Pre-manufacturing CD8+ central-memory type 2 T cells predict axicabtagene ciloleucel failure in large B-cell lymphoma Free

Introduction Axicabtagene Ciloleucel (Axi-Cel), a CD28-based anti-CD19 CAR T-cell therapy, induces remission in approximately 50% of patients with large B-cell lymphoma (LBCL). As alternative immunotherapies emerge, developing individualized predictors for Axi-Cel response could guide treatment, identifying those most likely to achieve remission while directing others toward alternative strategies.

Method We analyzed clinical and biological data from 60 heavily pre-treated LBCL patients treated with Axi-Cel at Lille University Hospital, France. Eighty percent had received 2 prior therapies. Baseline blood (apheresis or D-7) was collected from 48 patients (18 discovery, 30 validation), with infusion product (IP) and D7 post-infusion samples collected in the discovery cohort. Samples were analyzed by single-cell RNA sequencing (scRNA-seq) and spectral flow cytometry (SFC).

Results Fifty-eight patients were evaluable for response via PET-CT at 1, 3, and 6 months. At infusion, 71.7% had progressive disease. Overall response rates (n=60) were 76.7%, 60.0%, and 56.7%, with complete response (CR) rates of 53.3%, 55.0%, and 57.6%. Multivariate analysis identified younger age (OR 0.94 per year, p=0.029), total metabolic tumor volume pre-lymphodepletion ≥60 cm³ (OR 13.10, p=0.0027), and primary refractory disease (OR 6.33, p=0.022) as adverse factors.

D7 scRNA-seq analysis showed that responders had higher levels of CD4⁺ CAR T cells with a constrained activation signature (TNFRSF1B, CD40LG, TNFRSF4, IL32, and IL7R, and co-inhibitory receptors LAG3, CTLA4, TNFRSF18 and PDCD1). Non-responders (NR) had more CAR T_regs and proliferating CD8⁺ CAR T cells with reduced effector function (high MKI67, low KLRG1, GZMB, GZMH, PRF1, GNLY, and FASLG). NR patients had lower absolute CD8⁺ CAR T cell counts, suggesting poor expansion of other subsets rather than hyperproliferation. These differences were less evident in the IP, underscoring the importance of the in vivo environment.

Strikingly, cluster analysis of baseline samples revealed a robust signature of resistance to Axi-Cel, with a strong enrichment in naïve CD8⁺ T cells (TCF7, LEF1, CCR7, SELL, and IL7R) and CM type 2 CD8⁺ T cells (expressing GATA3, CCR4, and CRTH2, along with IL7R, TCF7 and LEF1). Bulky disease correlated with the significant enrichment of these less differentiated CD8⁺ T cells, confirmed by SFC. Validation in an independent cohort confirmed the biomarker profile, including enrichment in CM CD8⁺ T cells and CRTH2⁺ cells in NR patients, especially those with bulky disease. These findings suggest tumor burden may drive T cell quiescence in NR patients.

An unbiased SFC approach identified the top 5 markers descriminating CR from NR patients, defining a CD8⁺CD4^-CD28⁺IL7R⁺KLRG1^- population significantly enriched in NR patients. This manually gated population proved to be an independent predictor of treatment failure in our multivariate model (OR 1.21 per 1%-increase, p=0.0049), showing perfect predictive value in the discovery cohort (PPV and NPV 100%) and strong accuracy in the validation cohort (PPV 100%, NPV 84.2%), further improved when combined with primary refractory status (PPV 92%, NPV 100%).

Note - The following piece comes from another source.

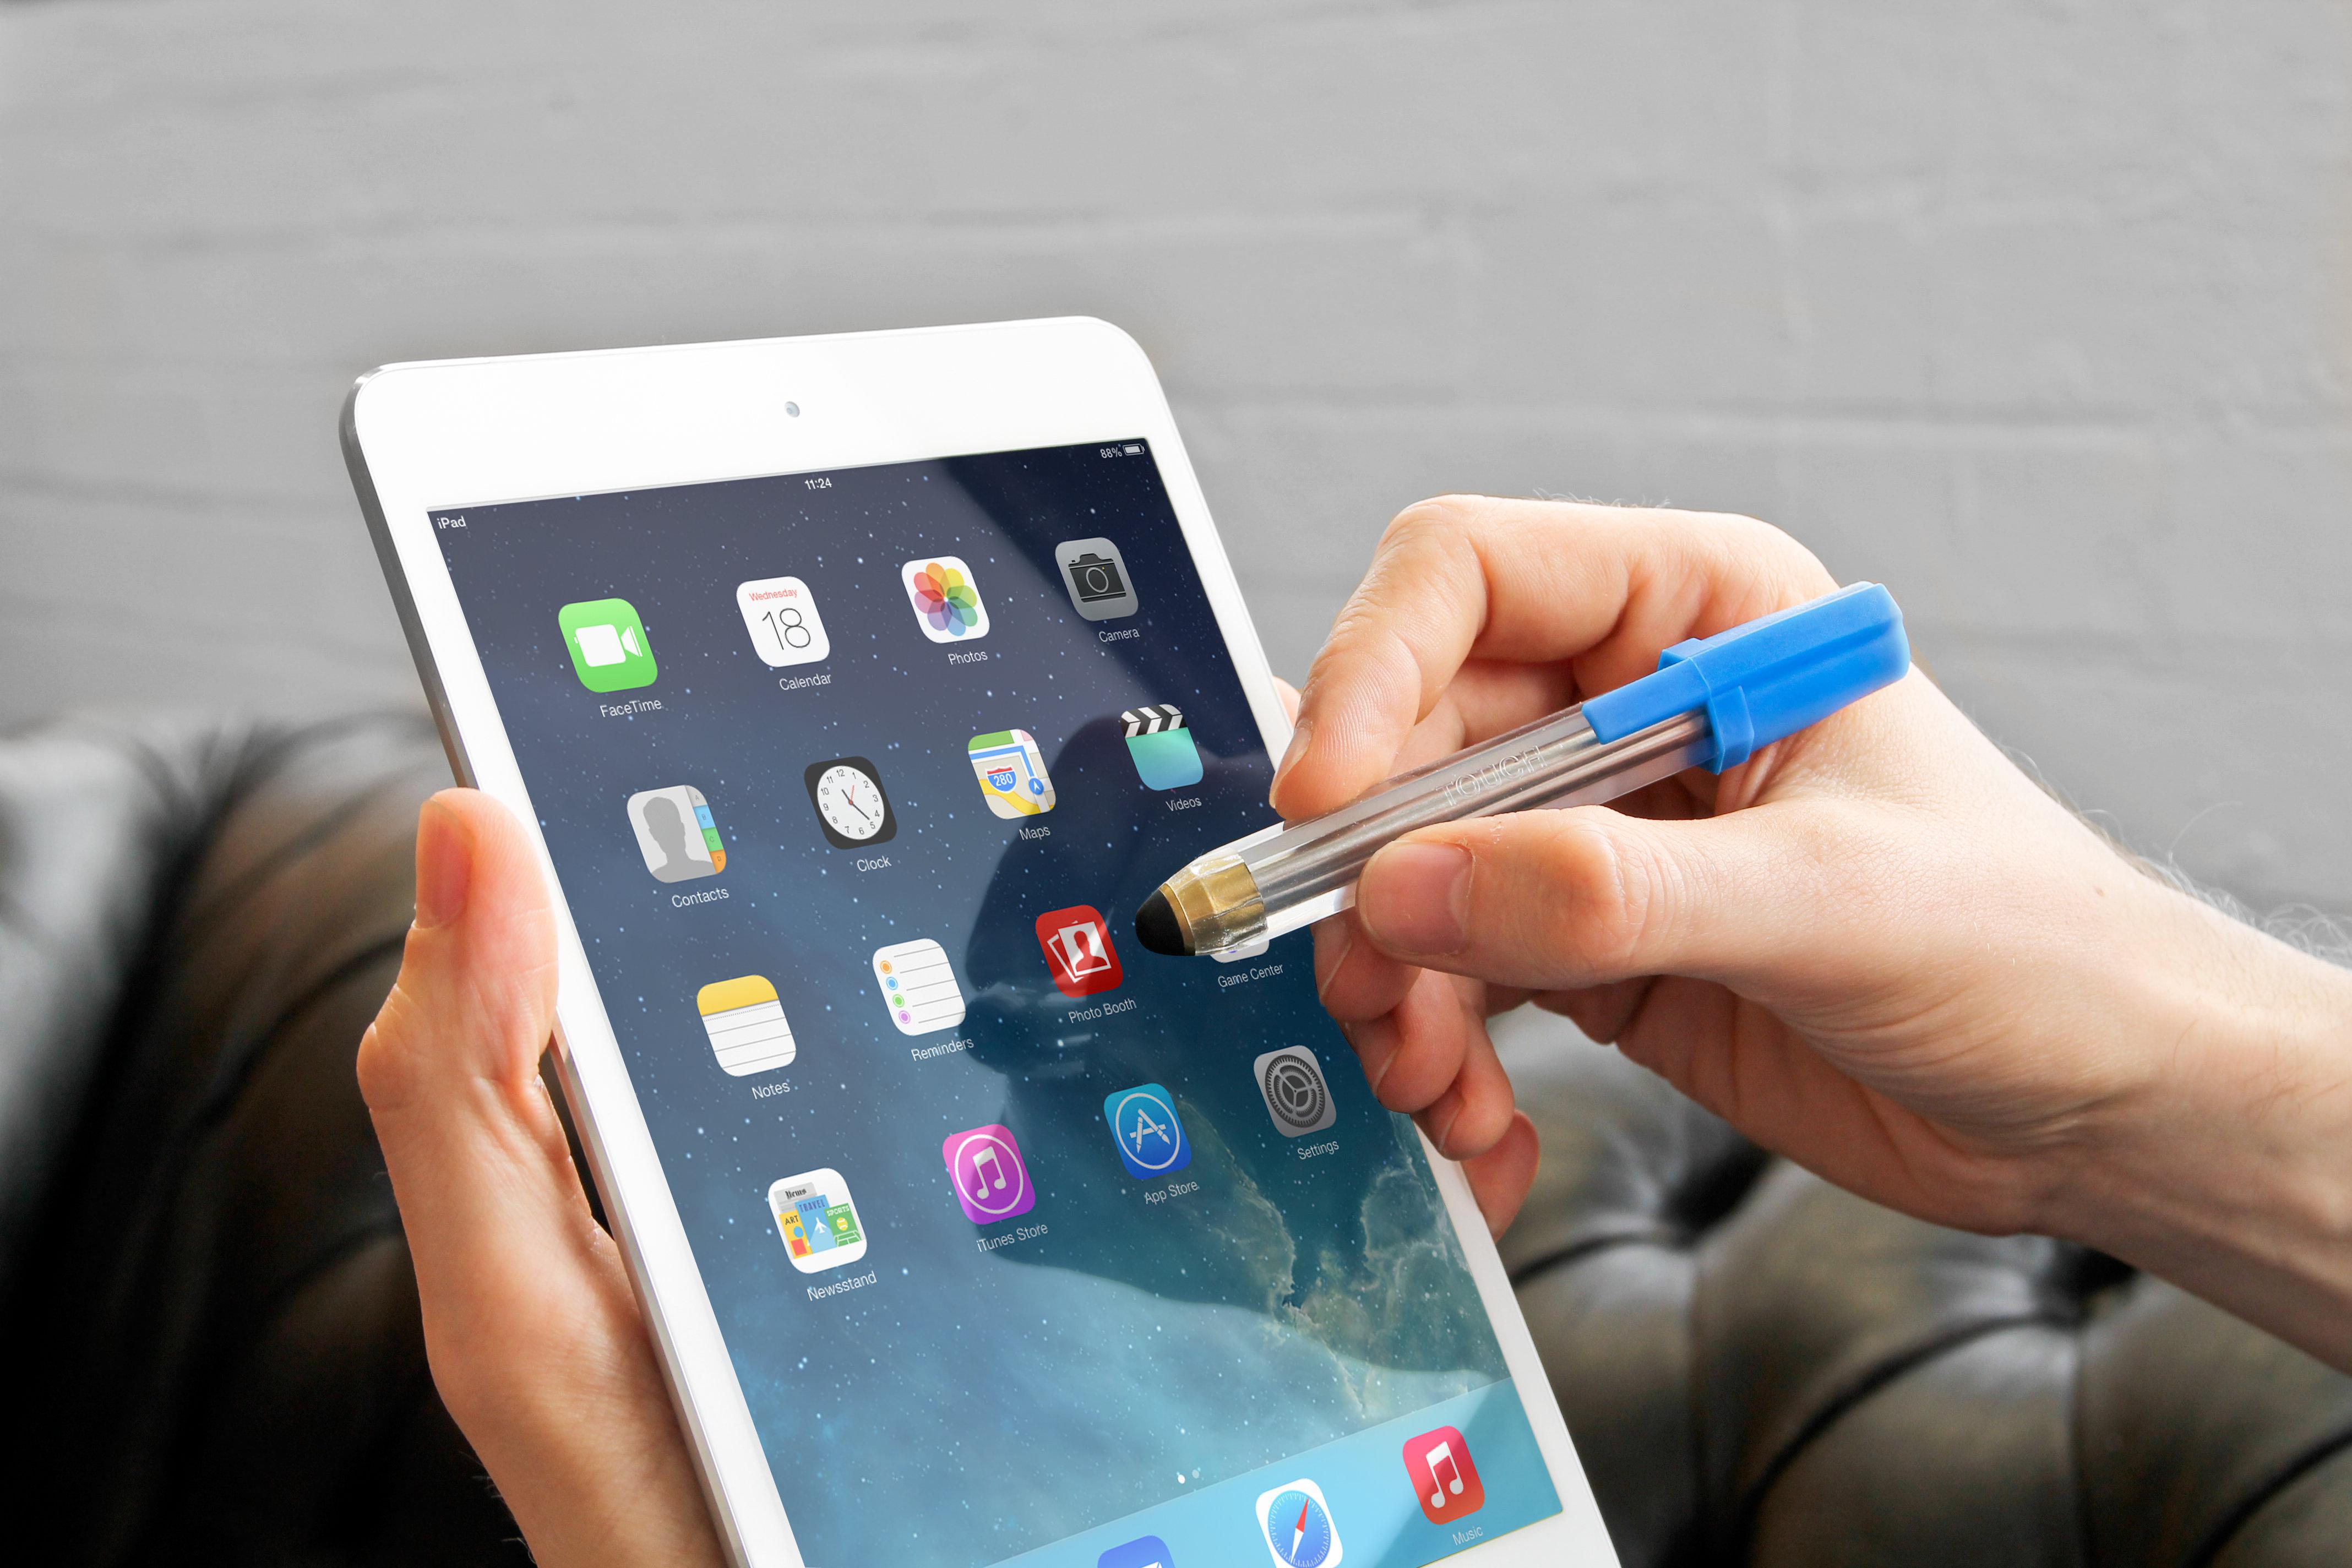 ipad writing pen

ConclusionWe identify a baseline CM CD8⁺ T-cell signature (CD8⁺CD4^-CD28⁺IL7R⁺KLRG1^-) as a robust predictor of resistance to 28ζ-based CAR T-cell therapy in LBCL, challenging the notion that memory T cells are universally beneficial for CAR T-cell efficacy. NR patients' pre-infusion CD8⁺ T cells display type-2 polarization, likely reflecting tumor-driven adaptation that impair cytotoxicity. This contrasts with our previous findings on the BBζ-based CAR T-cell product Tisa-Cel in leukemias, where memory function and type-2 CAR T cells are crucial for long-term efficacy and persistence (Fraietta et al.; Nat Med 2018, Bai et al., Nature 2024), where memory function and type-2 polarization support durability. Axi-Cel, by contrast, relies on CD28 for rapid cytotoxic T cell expansion, rendering type-2 memory CD8⁺ T cells suboptimal. Early identification of this phenotype at leukapheresis may enable better patient stratification and guide use of alternative products to maximize therapeutic success.